Task item: An exact copy of the lines of the listing below between the "TOYOTA’S ROBOTSARE LEARNING" line and the "The British Western" line, both included, is the whole answer; please omit the pictures.
-- Data records follows --
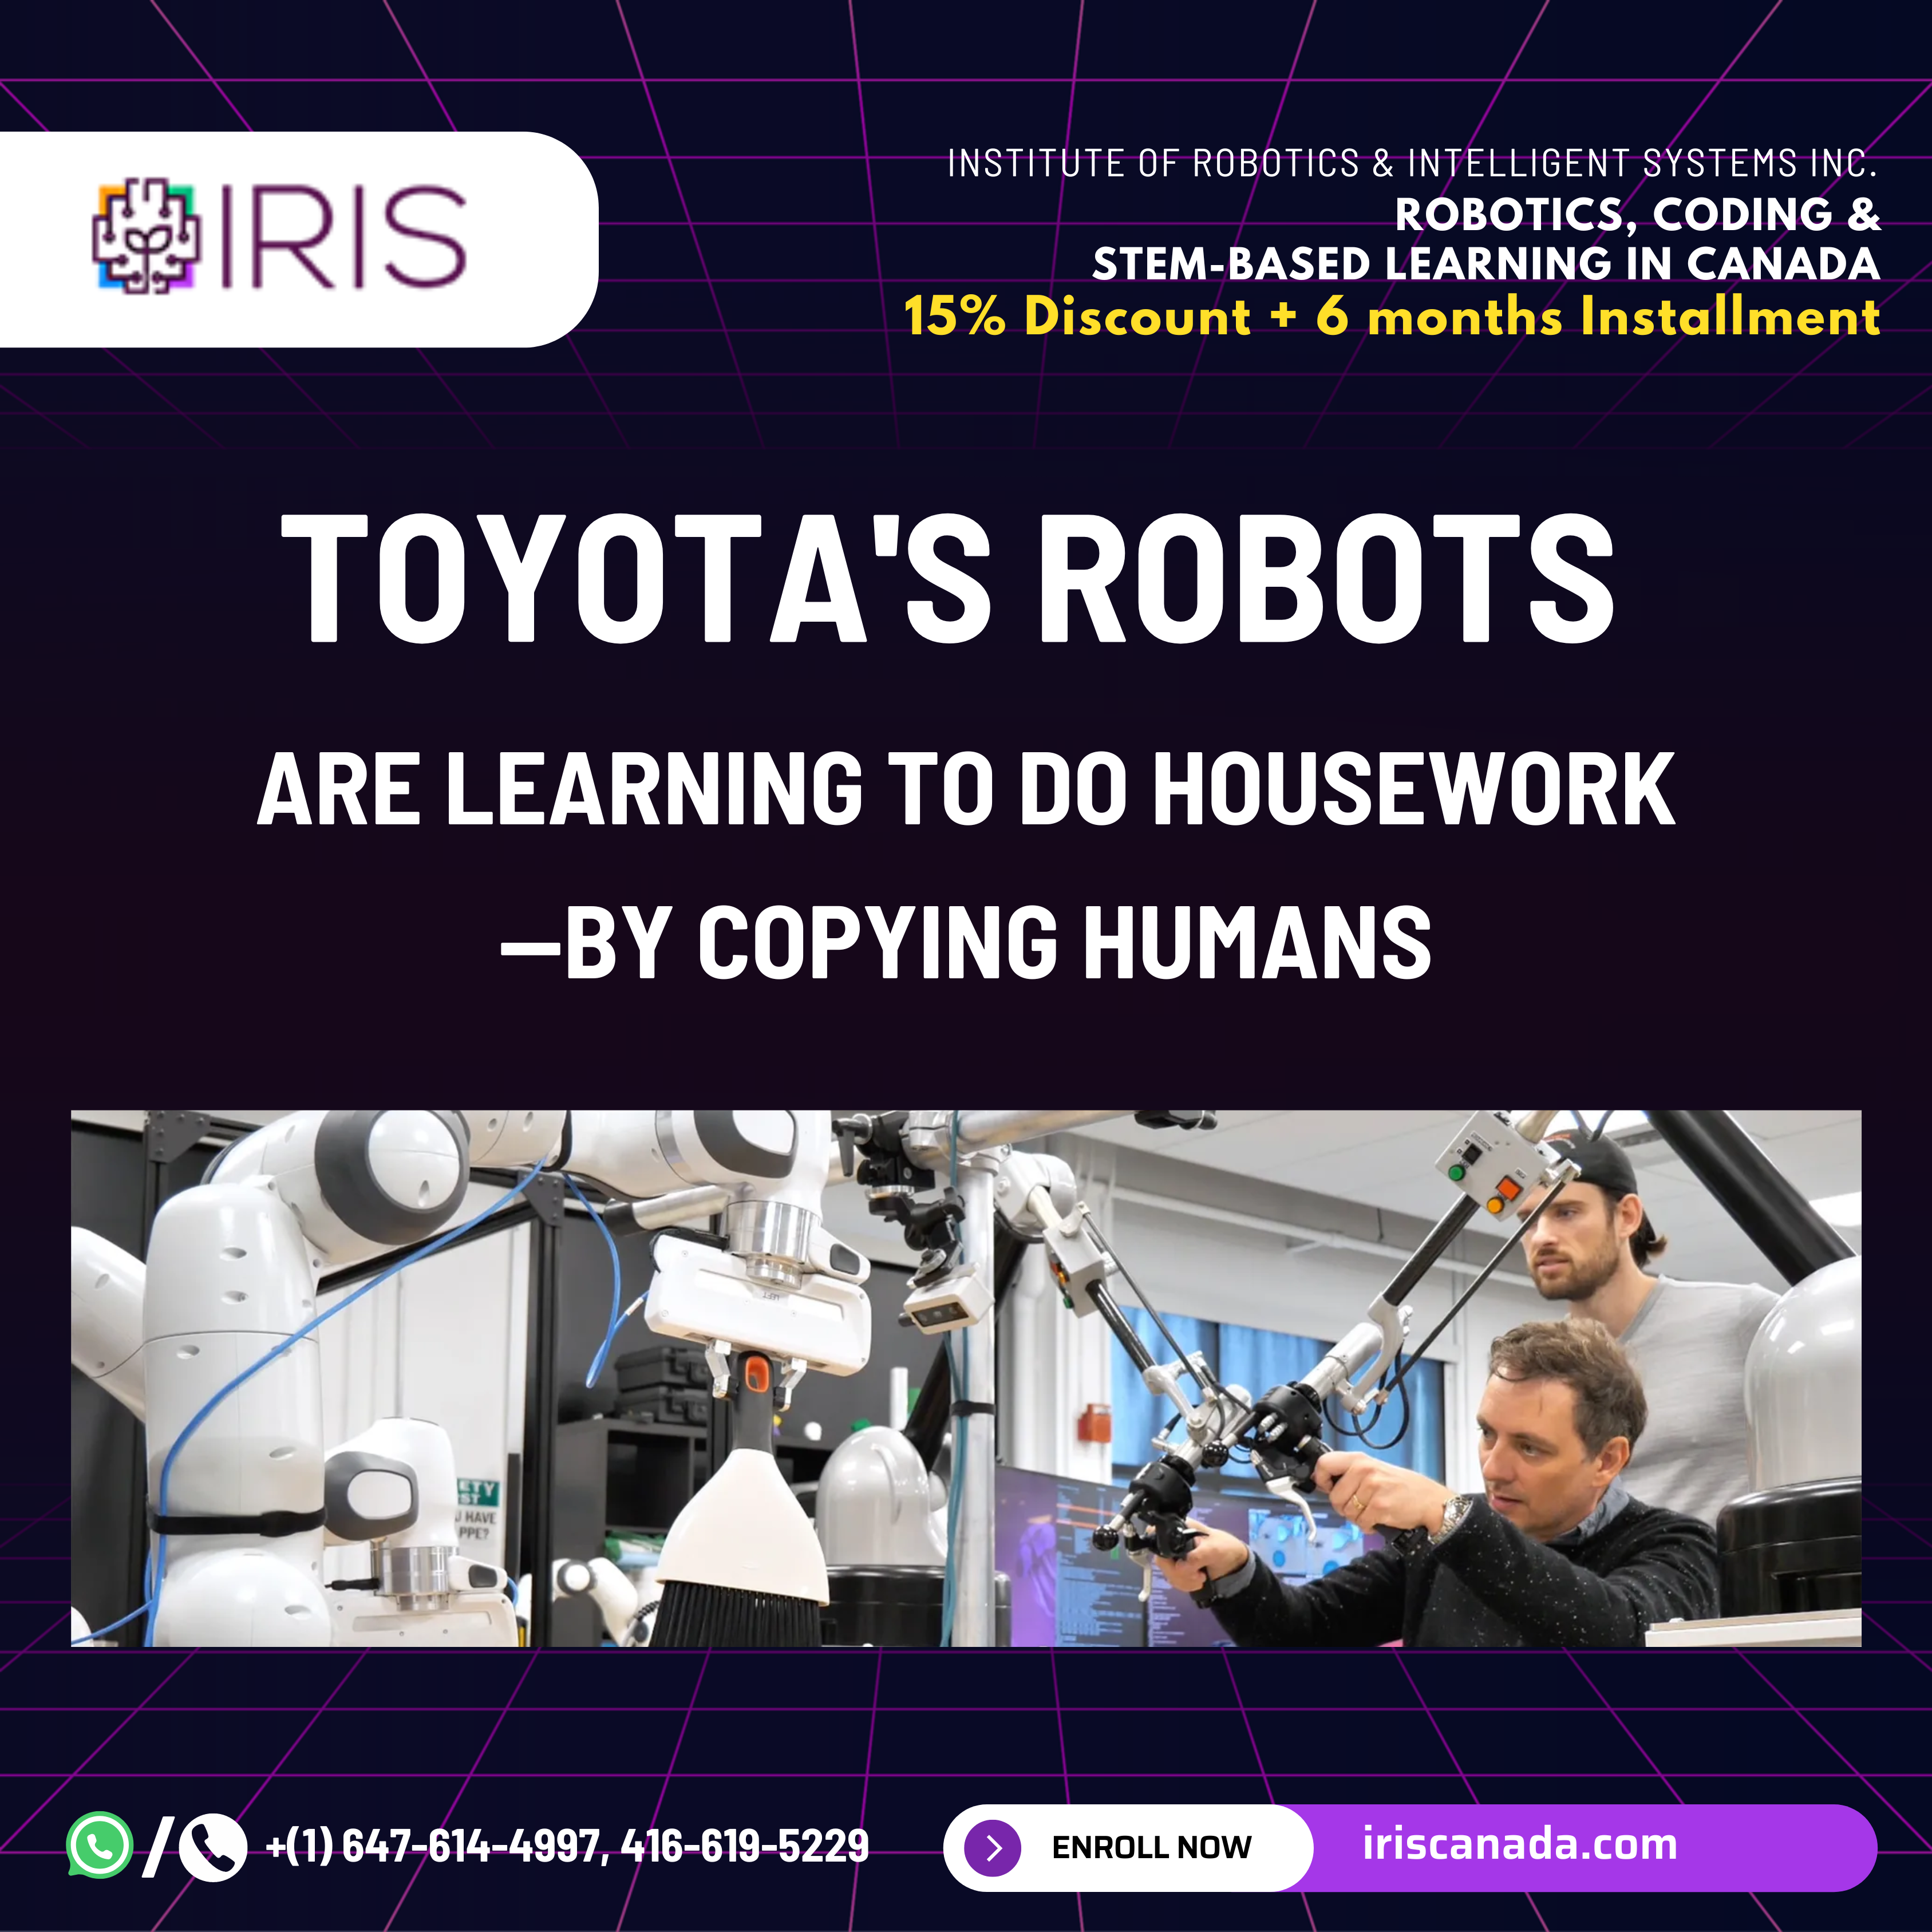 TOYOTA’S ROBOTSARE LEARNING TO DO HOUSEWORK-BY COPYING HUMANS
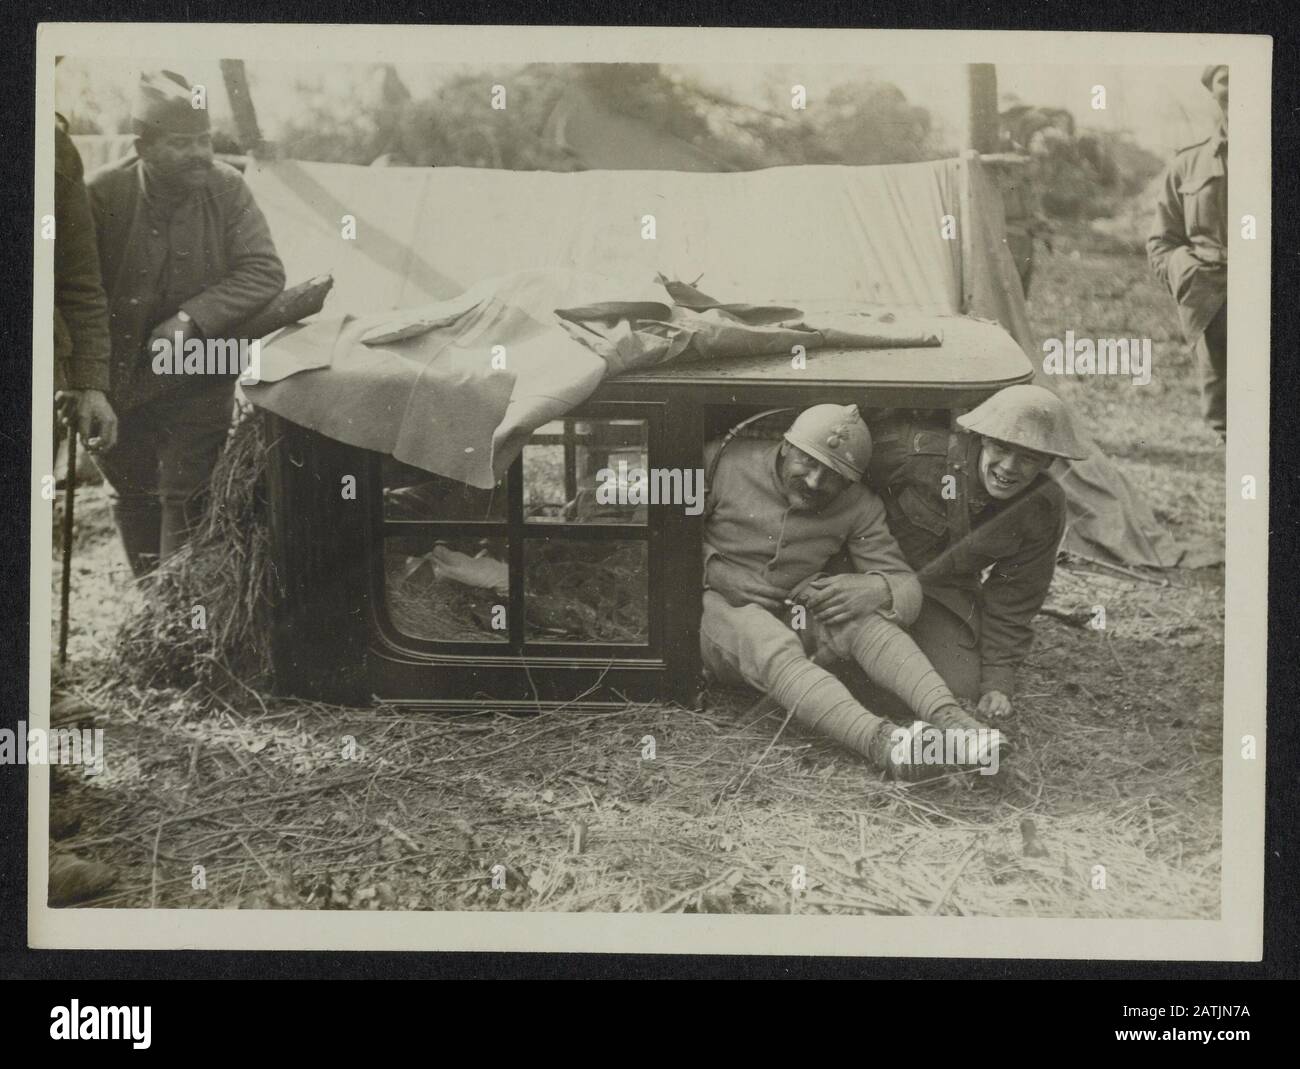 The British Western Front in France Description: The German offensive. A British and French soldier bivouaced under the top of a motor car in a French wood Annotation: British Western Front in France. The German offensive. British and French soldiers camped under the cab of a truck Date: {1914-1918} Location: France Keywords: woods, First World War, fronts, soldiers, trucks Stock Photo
-- Data records concluded --
-- Data records follows --
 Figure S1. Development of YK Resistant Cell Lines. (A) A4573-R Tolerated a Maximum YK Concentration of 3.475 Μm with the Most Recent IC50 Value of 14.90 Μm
-- Data records concluded --
-- Data records follows --
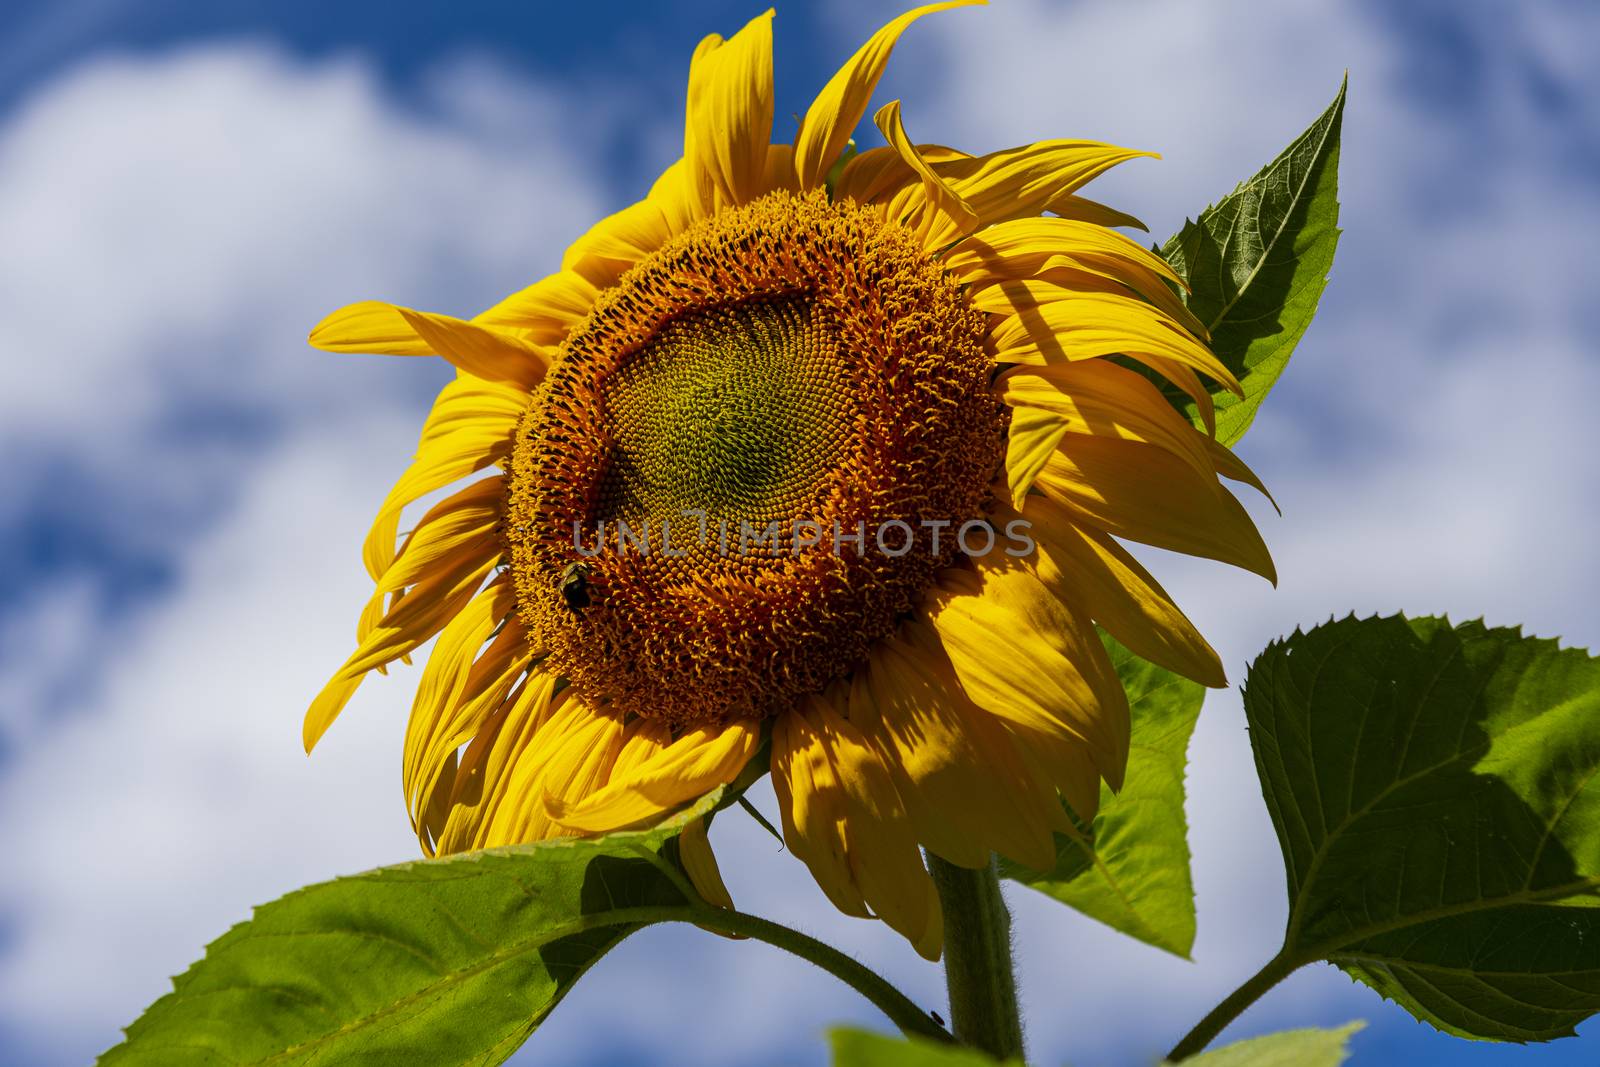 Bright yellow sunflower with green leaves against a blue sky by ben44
-- Data records concluded --
Worked solution:
 TOYOTA’S ROBOTSARE LEARNING TO DO HOUSEWORK-BY COPYING HUMANS
 The British Western Front in France Description: The German offensive. A British and French soldier bivouaced under the top of a motor car in a French wood Annotation: British Western Front in France. The German offensive. British and French soldiers camped under the cab of a truck Date: {1914-1918} Location: France Keywords: woods, First World War, fronts, soldiers, trucks Stock Photo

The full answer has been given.